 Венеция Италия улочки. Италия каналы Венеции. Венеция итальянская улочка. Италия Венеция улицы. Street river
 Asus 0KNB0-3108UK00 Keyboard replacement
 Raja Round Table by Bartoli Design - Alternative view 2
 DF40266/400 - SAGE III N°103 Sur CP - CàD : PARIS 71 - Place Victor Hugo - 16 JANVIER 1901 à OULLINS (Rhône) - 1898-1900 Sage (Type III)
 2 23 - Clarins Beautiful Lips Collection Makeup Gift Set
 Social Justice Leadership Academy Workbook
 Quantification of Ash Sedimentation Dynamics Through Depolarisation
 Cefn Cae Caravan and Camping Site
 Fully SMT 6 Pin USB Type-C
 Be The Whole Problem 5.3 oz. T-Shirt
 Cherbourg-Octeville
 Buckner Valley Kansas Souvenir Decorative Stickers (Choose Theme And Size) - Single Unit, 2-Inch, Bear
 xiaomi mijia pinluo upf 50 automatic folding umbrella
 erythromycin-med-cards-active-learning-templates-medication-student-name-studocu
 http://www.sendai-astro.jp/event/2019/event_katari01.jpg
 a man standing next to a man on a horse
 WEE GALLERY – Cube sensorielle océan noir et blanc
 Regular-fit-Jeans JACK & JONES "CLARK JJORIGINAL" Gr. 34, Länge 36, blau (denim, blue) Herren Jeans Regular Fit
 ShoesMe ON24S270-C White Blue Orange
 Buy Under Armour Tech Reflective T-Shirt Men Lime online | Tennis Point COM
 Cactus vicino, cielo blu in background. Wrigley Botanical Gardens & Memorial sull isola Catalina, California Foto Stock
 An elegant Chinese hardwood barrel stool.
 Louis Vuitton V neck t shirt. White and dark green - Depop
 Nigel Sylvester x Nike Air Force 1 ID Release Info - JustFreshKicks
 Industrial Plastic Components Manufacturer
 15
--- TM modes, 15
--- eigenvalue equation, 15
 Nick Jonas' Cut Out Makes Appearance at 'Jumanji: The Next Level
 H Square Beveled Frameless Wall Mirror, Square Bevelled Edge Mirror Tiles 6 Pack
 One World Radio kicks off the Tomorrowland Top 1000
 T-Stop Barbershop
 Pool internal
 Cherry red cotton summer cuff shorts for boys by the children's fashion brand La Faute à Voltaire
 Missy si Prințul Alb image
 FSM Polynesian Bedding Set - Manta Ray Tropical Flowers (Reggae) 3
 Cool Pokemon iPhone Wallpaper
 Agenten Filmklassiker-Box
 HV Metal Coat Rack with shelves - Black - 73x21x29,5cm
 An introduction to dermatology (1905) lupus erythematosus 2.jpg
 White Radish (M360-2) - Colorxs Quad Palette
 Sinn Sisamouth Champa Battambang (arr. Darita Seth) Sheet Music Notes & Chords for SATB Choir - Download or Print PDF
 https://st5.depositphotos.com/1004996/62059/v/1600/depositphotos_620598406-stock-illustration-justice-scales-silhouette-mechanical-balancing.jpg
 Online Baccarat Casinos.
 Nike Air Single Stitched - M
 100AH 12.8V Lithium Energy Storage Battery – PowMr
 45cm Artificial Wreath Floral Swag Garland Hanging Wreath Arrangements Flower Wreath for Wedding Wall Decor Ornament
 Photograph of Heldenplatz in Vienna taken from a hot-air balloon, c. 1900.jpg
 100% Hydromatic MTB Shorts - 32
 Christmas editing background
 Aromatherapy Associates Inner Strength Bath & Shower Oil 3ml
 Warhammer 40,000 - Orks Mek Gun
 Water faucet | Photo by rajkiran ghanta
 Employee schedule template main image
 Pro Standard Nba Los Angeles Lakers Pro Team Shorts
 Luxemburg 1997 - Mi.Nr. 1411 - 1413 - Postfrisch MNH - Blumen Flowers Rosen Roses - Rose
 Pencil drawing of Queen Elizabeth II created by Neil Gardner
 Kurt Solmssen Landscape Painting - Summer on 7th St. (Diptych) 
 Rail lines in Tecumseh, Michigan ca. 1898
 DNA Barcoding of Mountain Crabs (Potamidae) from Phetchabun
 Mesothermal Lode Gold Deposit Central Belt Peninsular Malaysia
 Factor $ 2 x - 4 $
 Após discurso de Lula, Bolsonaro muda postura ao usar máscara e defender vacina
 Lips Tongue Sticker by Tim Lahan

* WHAT IS BEING ASKED
Wherever the word "background" turns up in the material, copy the whole line.

* TASK OUTPUT
 Cactus vicino, cielo blu in background. Wrigley Botanical Gardens & Memorial sull isola Catalina, California Foto Stock
 Christmas editing background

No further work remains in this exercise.